**TASK DIRECTIONS**
Copy every line of the data below exactly as given, except for the pictures.
··· SUPPLIED INFORMATION
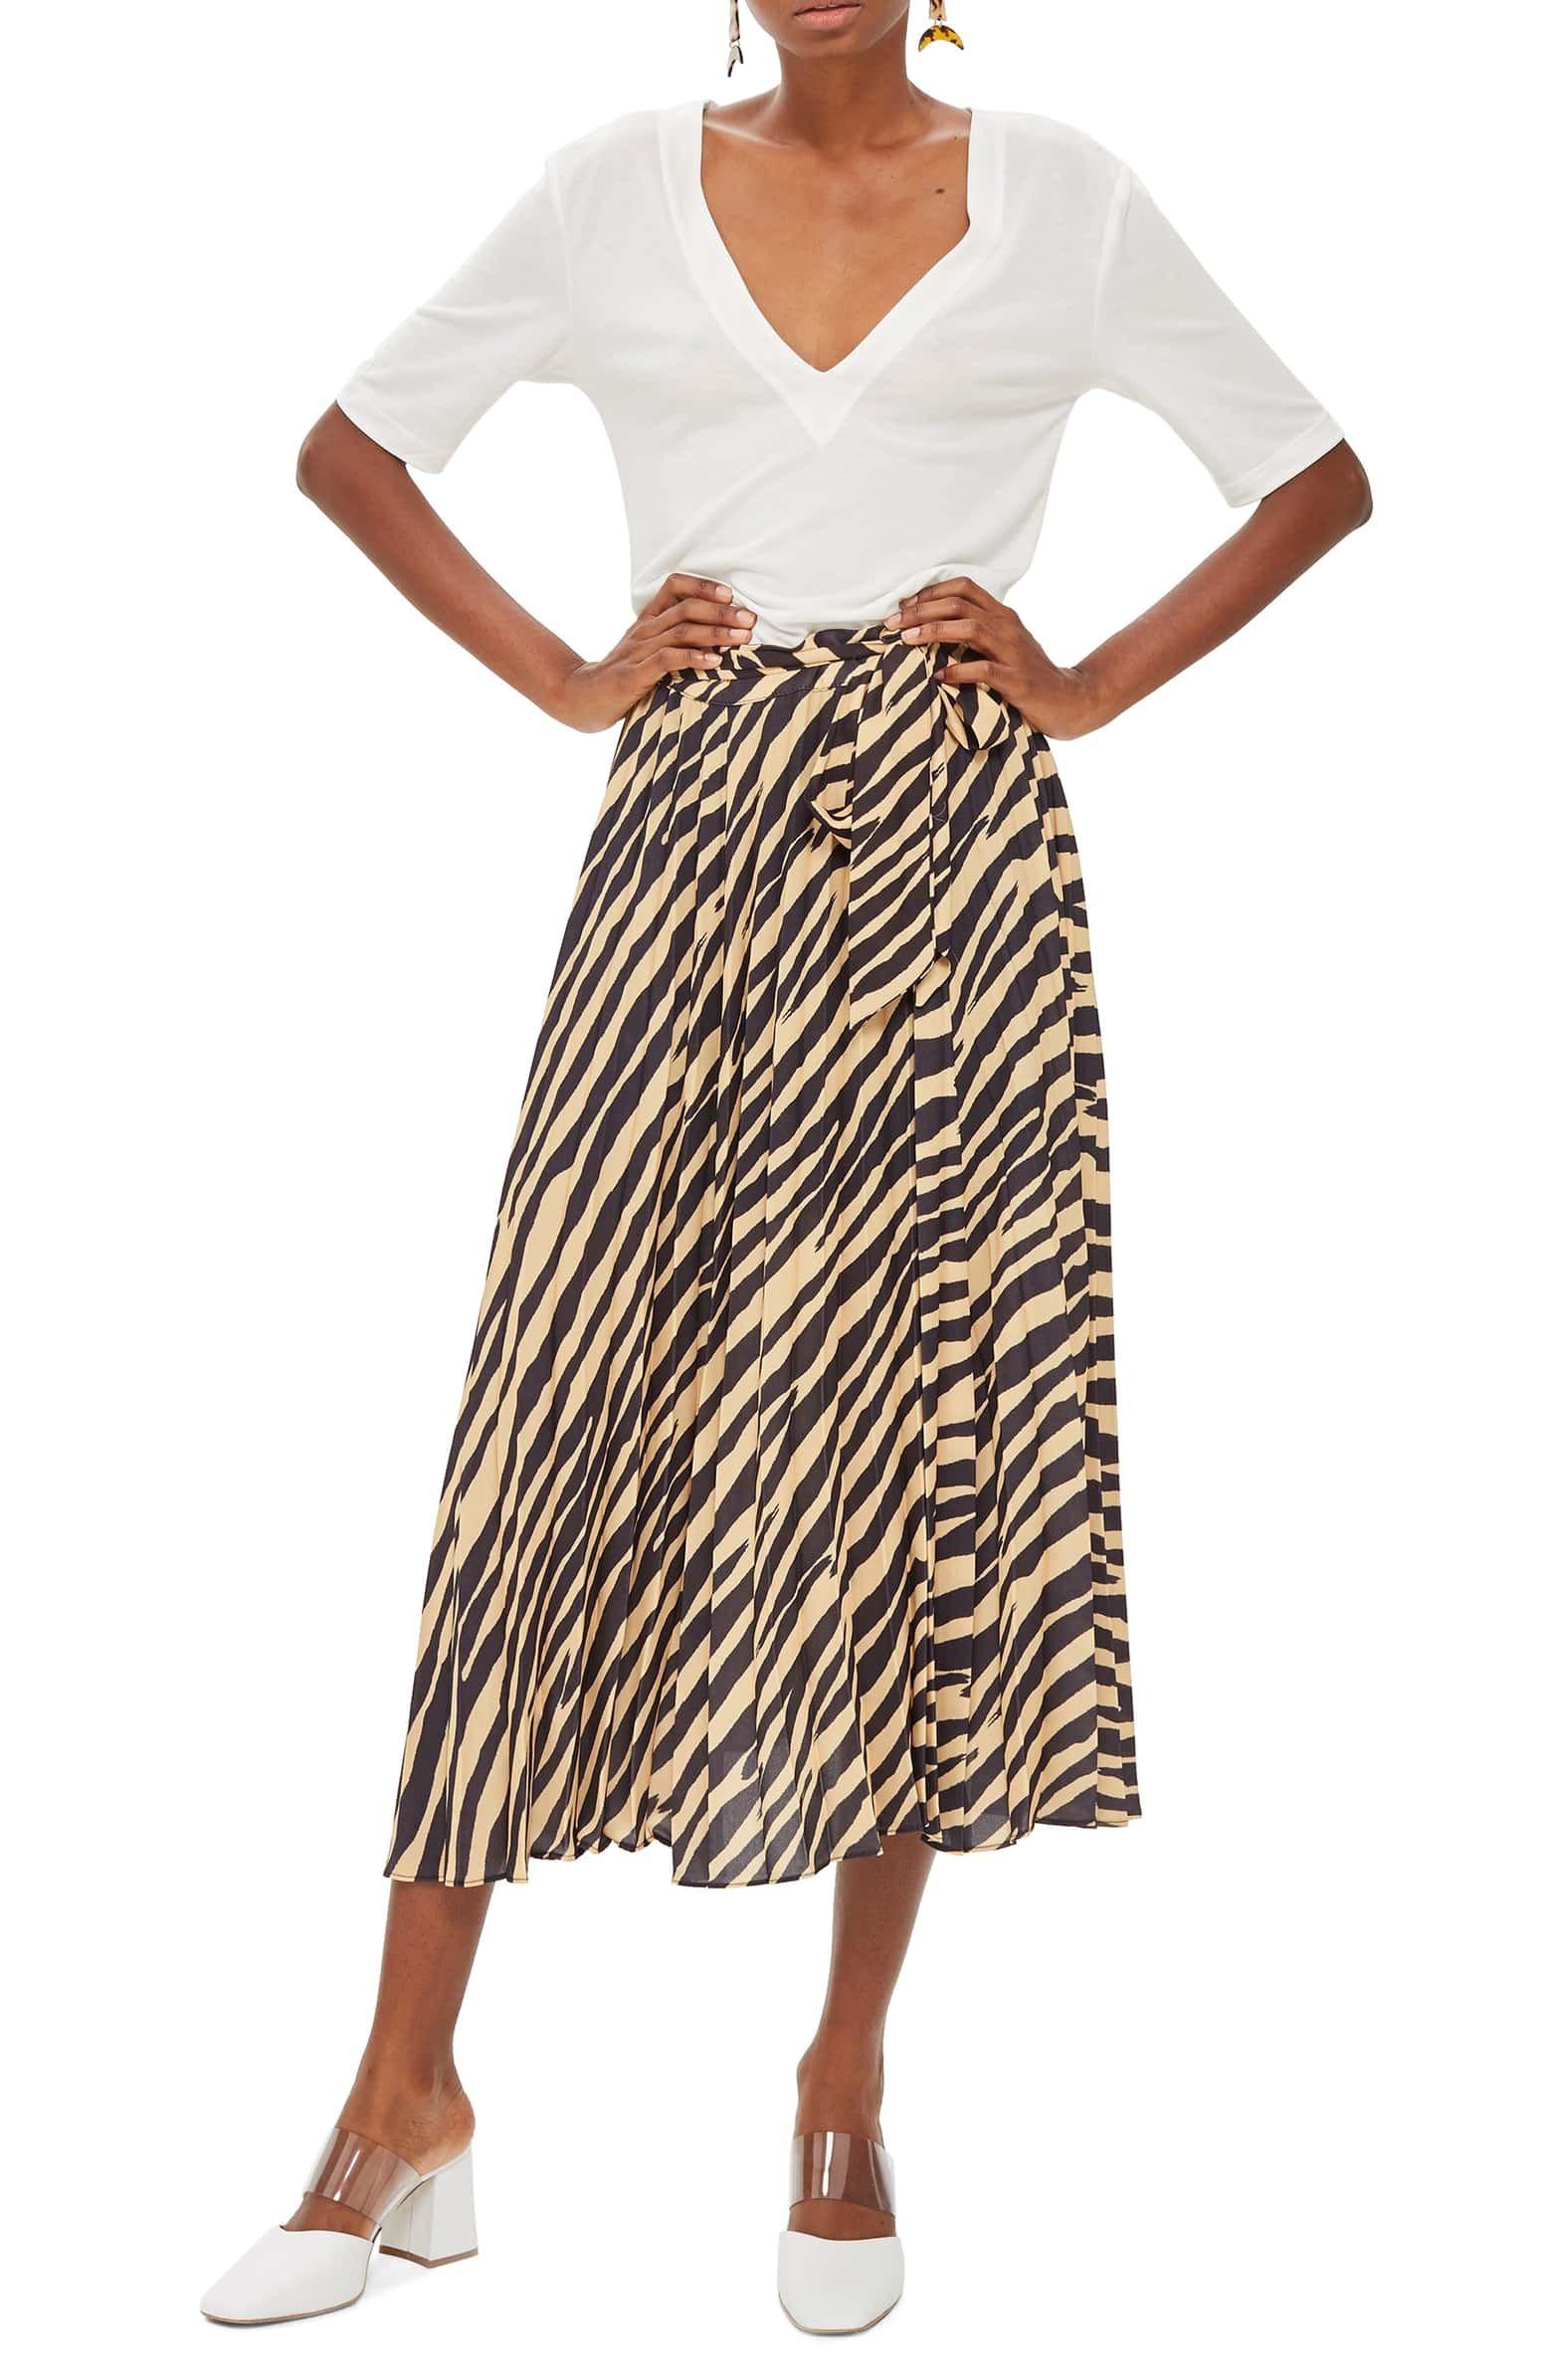 649c0812a Zebra Print Pleated Midi Wrap Skirt, Main, color, Black Multi ...
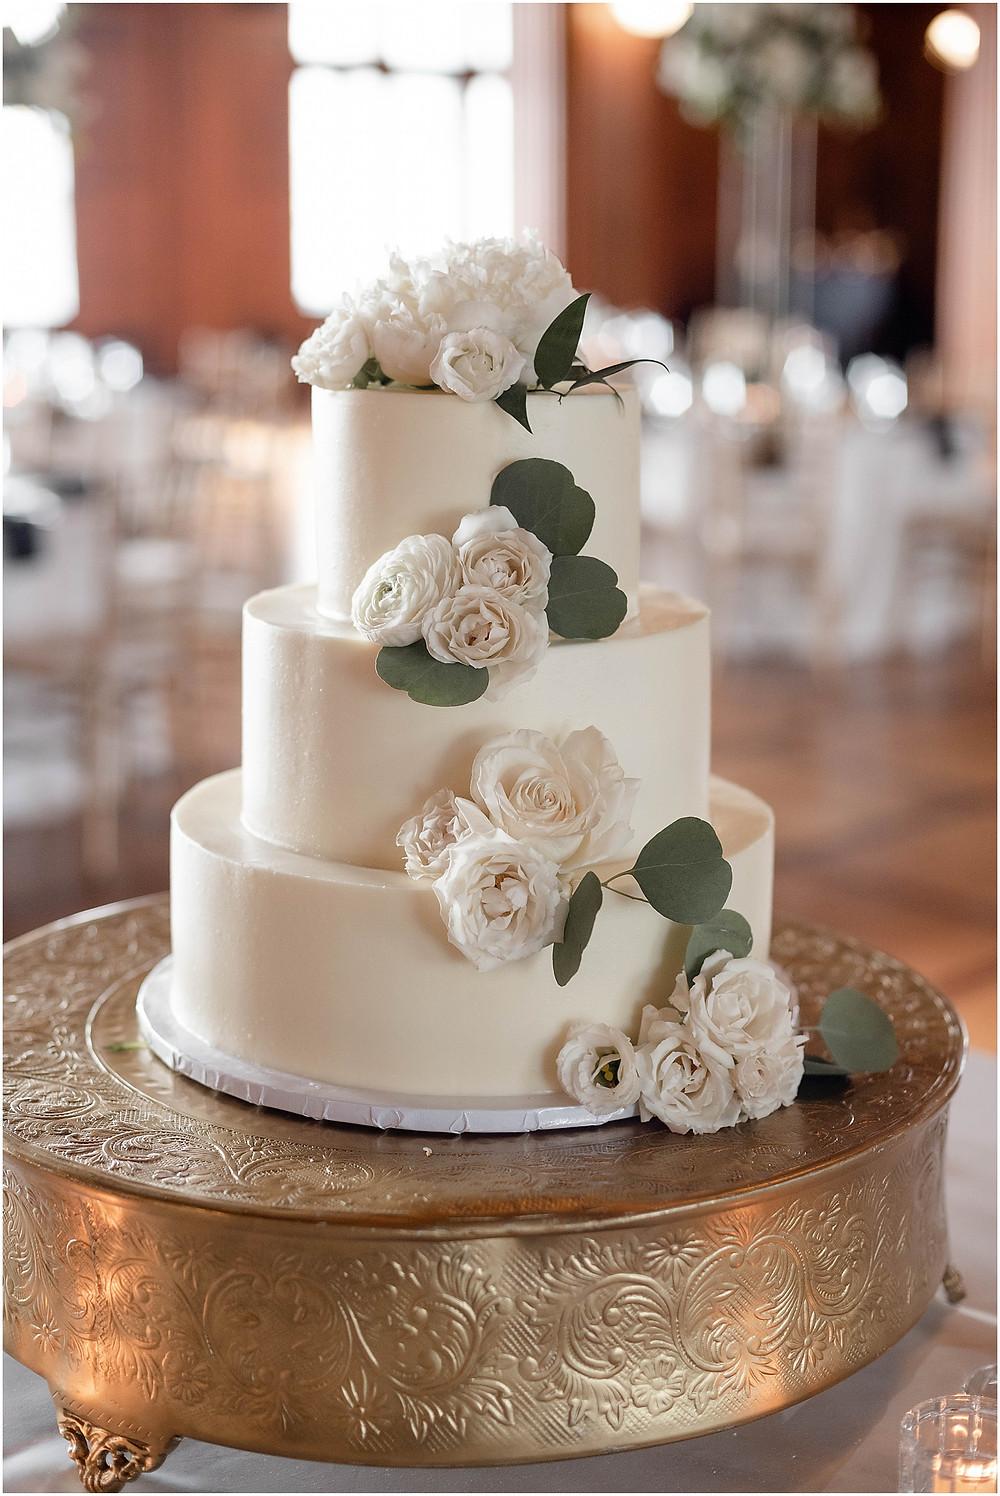 cake-Scottish-Rite-Cathedral-Wedding-Reception
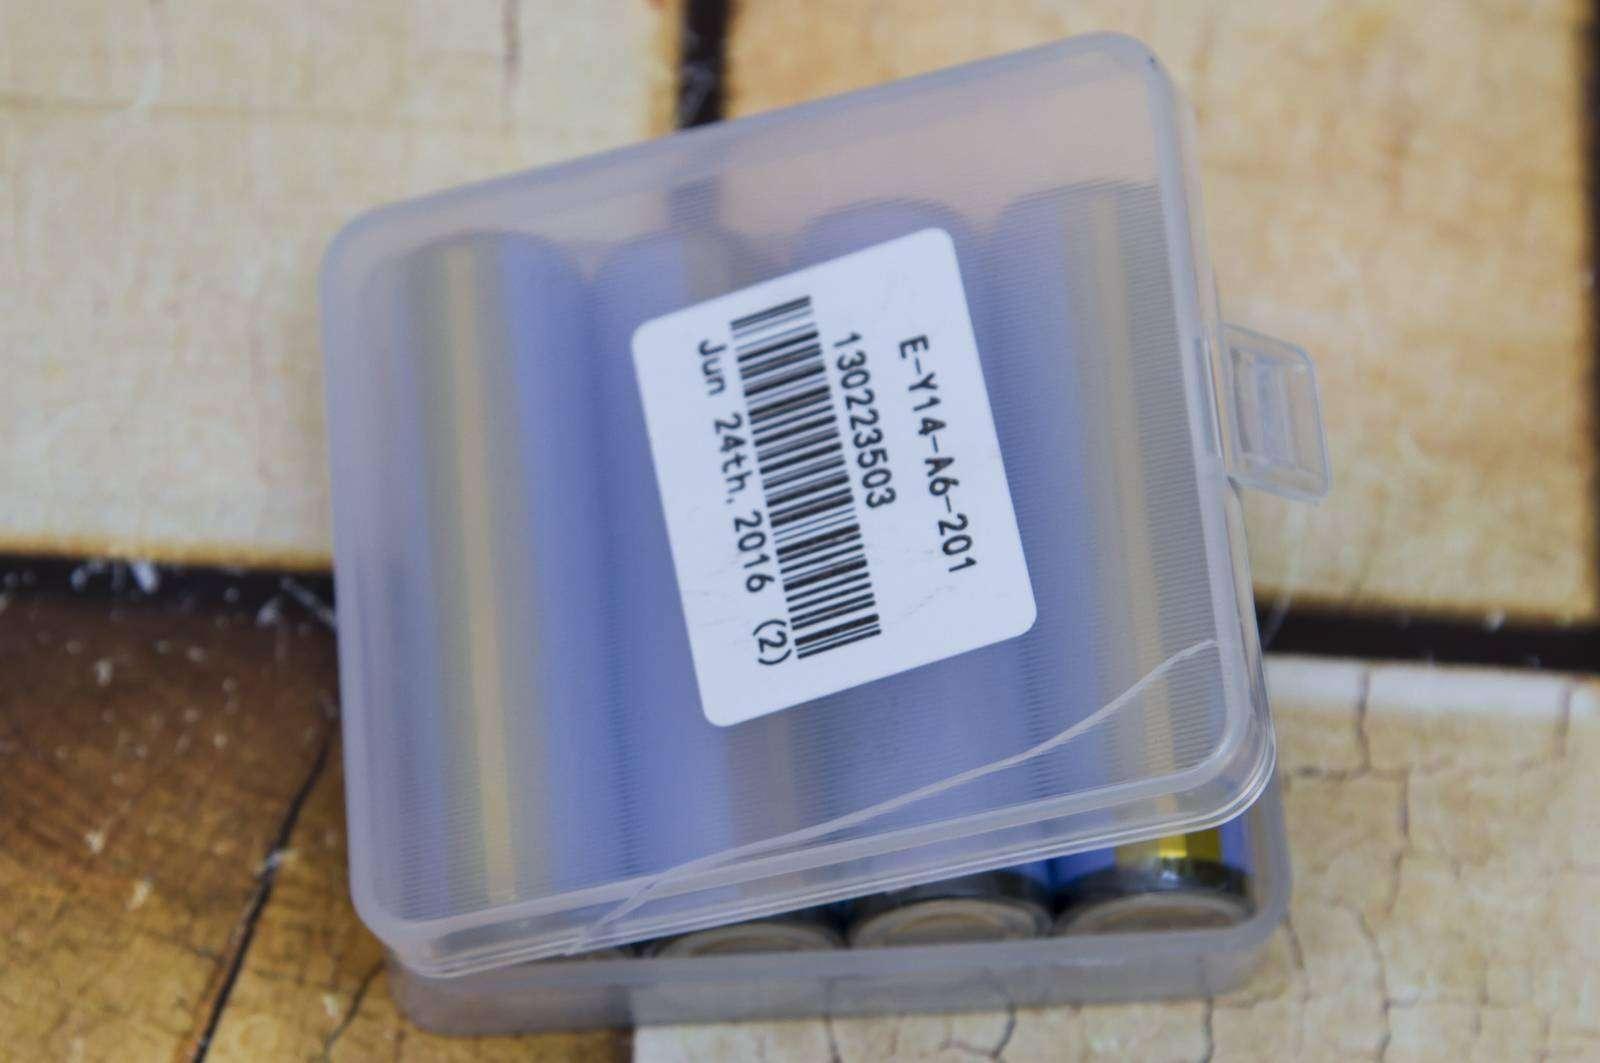 GearBest: Еще раз о Samsung ICR18650 - 28A 18650 2800mAh
······
**YOUR SOLUTION**
 649c0812a Zebra Print Pleated Midi Wrap Skirt, Main, color, Black Multi ...
 cake-Scottish-Rite-Cathedral-Wedding-Reception
 GearBest: Еще раз о Samsung ICR18650 - 28A 18650 2800mAh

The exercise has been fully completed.